# NLP Information Extraction
---

## SparkContext and SparkSession

In [1]:
from pyspark import SparkContext
sc = SparkContext(master = 'local')

from pyspark.sql import SparkSession
spark = SparkSession.builder \
          .appName("Python Spark SQL basic example") \
          .config("spark.some.config.option", "some-value") \
          .getOrCreate()

## Simple NLP pipeline architecture

![](images/simple-nlp-pipeline.png)

**Reference:** Bird, Steven, Ewan Klein, and Edward Loper. Natural language processing with Python: analyzing text with the natural language toolkit. " O'Reilly Media, Inc.", 2009.

## Example data

The raw text is from the gutenberg corpus from the nltk package. The fileid is *milton-paradise.txt*.

### Get the data

#### Raw text

In [2]:
import nltk
from nltk.corpus import gutenberg

milton_paradise = gutenberg.raw('milton-paradise.txt')

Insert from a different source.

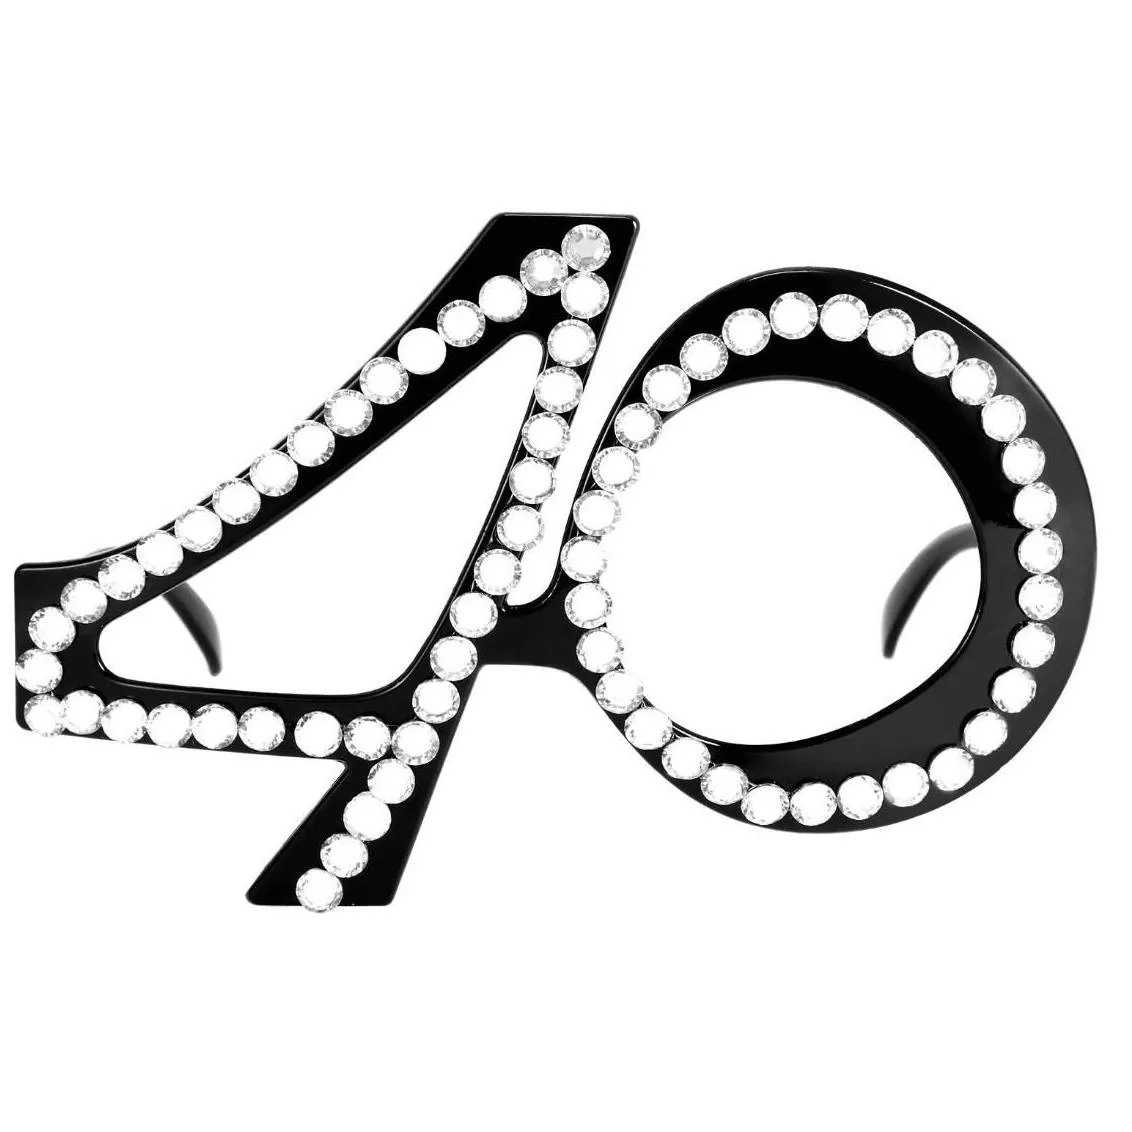 crystal birthday glasses - elegant eyewear for milestone celebrations - 16th to 70th birthdays novelty favors decor
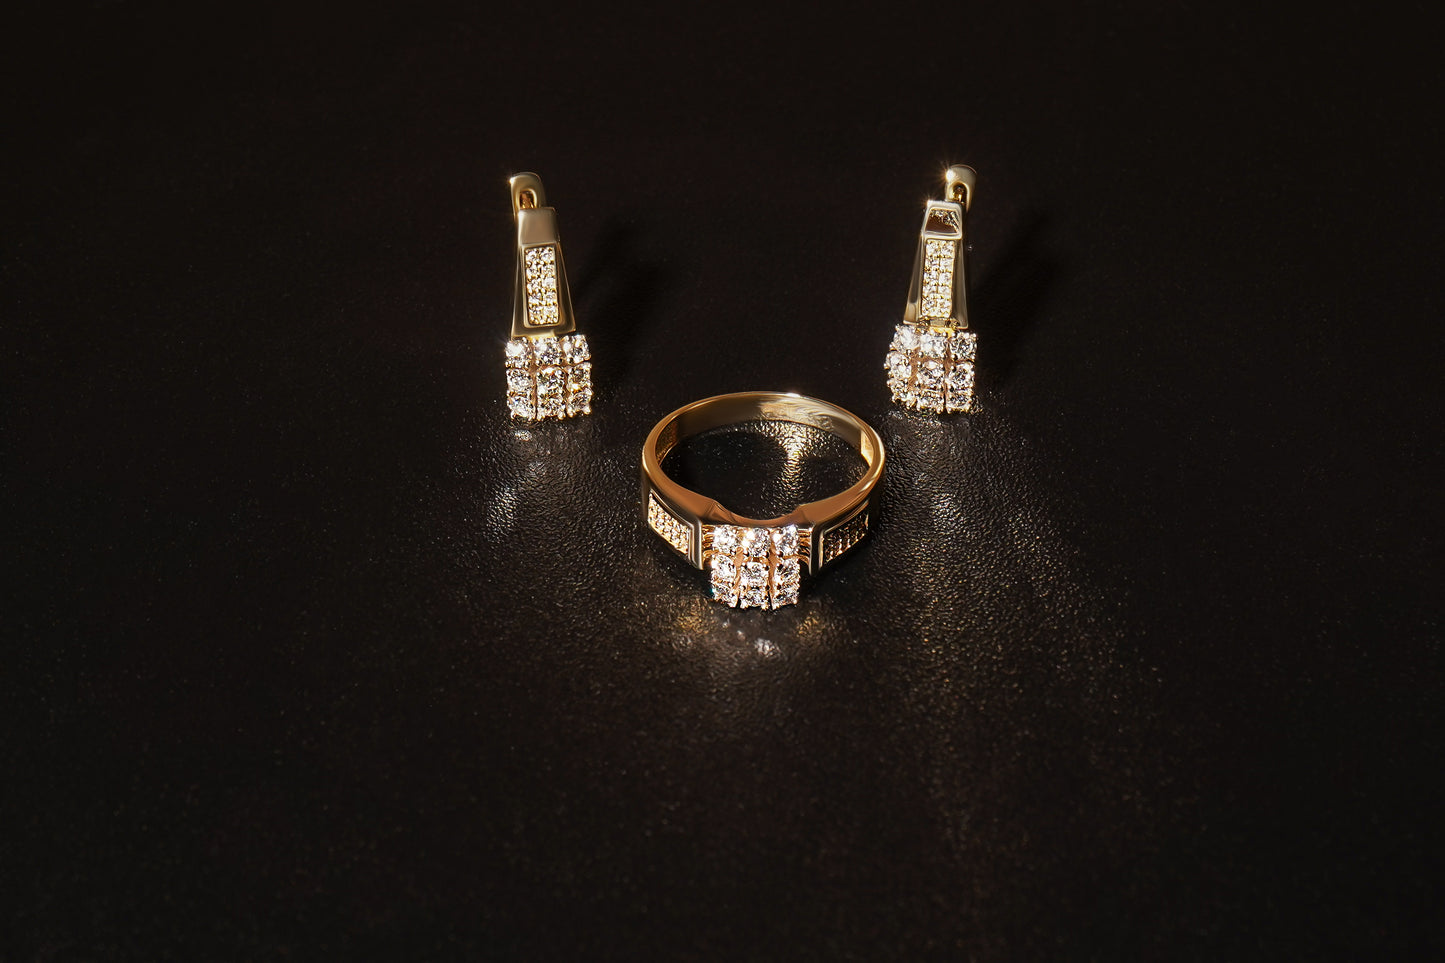 Набір сережки та каблучка з червоного золота з маленькими діамантами викладеними у формі квадрата. Зображений на чорному фоні

## Create a spark data frame to store raw text

* Use the `nltk.sent_tokenize()` function to split text into sentences.

In [5]:
import pandas as pd
pdf = pd.DataFrame({
        'sentences': nltk.sent_tokenize(milton_paradise)
    })
df = spark.createDataFrame(pdf)
df.show(n=5)

+--------------------+
|           sentences|
+--------------------+
|[Paradise Lost by...|
|And chiefly thou,...|
|Say first--for He...|
|Who first seduced...|
|Th' infernal Serp...|
+--------------------+
only showing top 5 rows



## Tokenization and POS tagging

In [8]:
from pyspark.sql.functions import udf
from pyspark.sql.types import *

## define udf function
def sent_to_tag_words(sent):
    wordlist = nltk.word_tokenize(sent)
    tagged_words = nltk.pos_tag(wordlist)
    return(tagged_words)
## define schema for returned result from the udf function
## the returned result is a list of tuples.
schema = ArrayType(StructType([
            StructField('f1', StringType()),
            StructField('f2', StringType())
        ]))
        
## the udf function
sent_to_tag_words_udf = udf(sent_to_tag_words, schema)

#### Transform data

In [9]:
df_tagged_words = df.select(sent_to_tag_words_udf(df.sentences).alias('tagged_words'))
df_tagged_words.show(5)

+--------------------+
|        tagged_words|
+--------------------+
|[[[,JJ], [Paradis...|
|[[And,CC], [chief...|
|[[Say,NNP], [firs...|
|[[Who,WP], [first...|
|[[Th,NNP], [',POS...|
+--------------------+
only showing top 5 rows



## Chunking

Chunking is the process of segmenting and labeling multitokens. The following example shows how to do a noun phrase chunking on the tagged words data frame from the previous step.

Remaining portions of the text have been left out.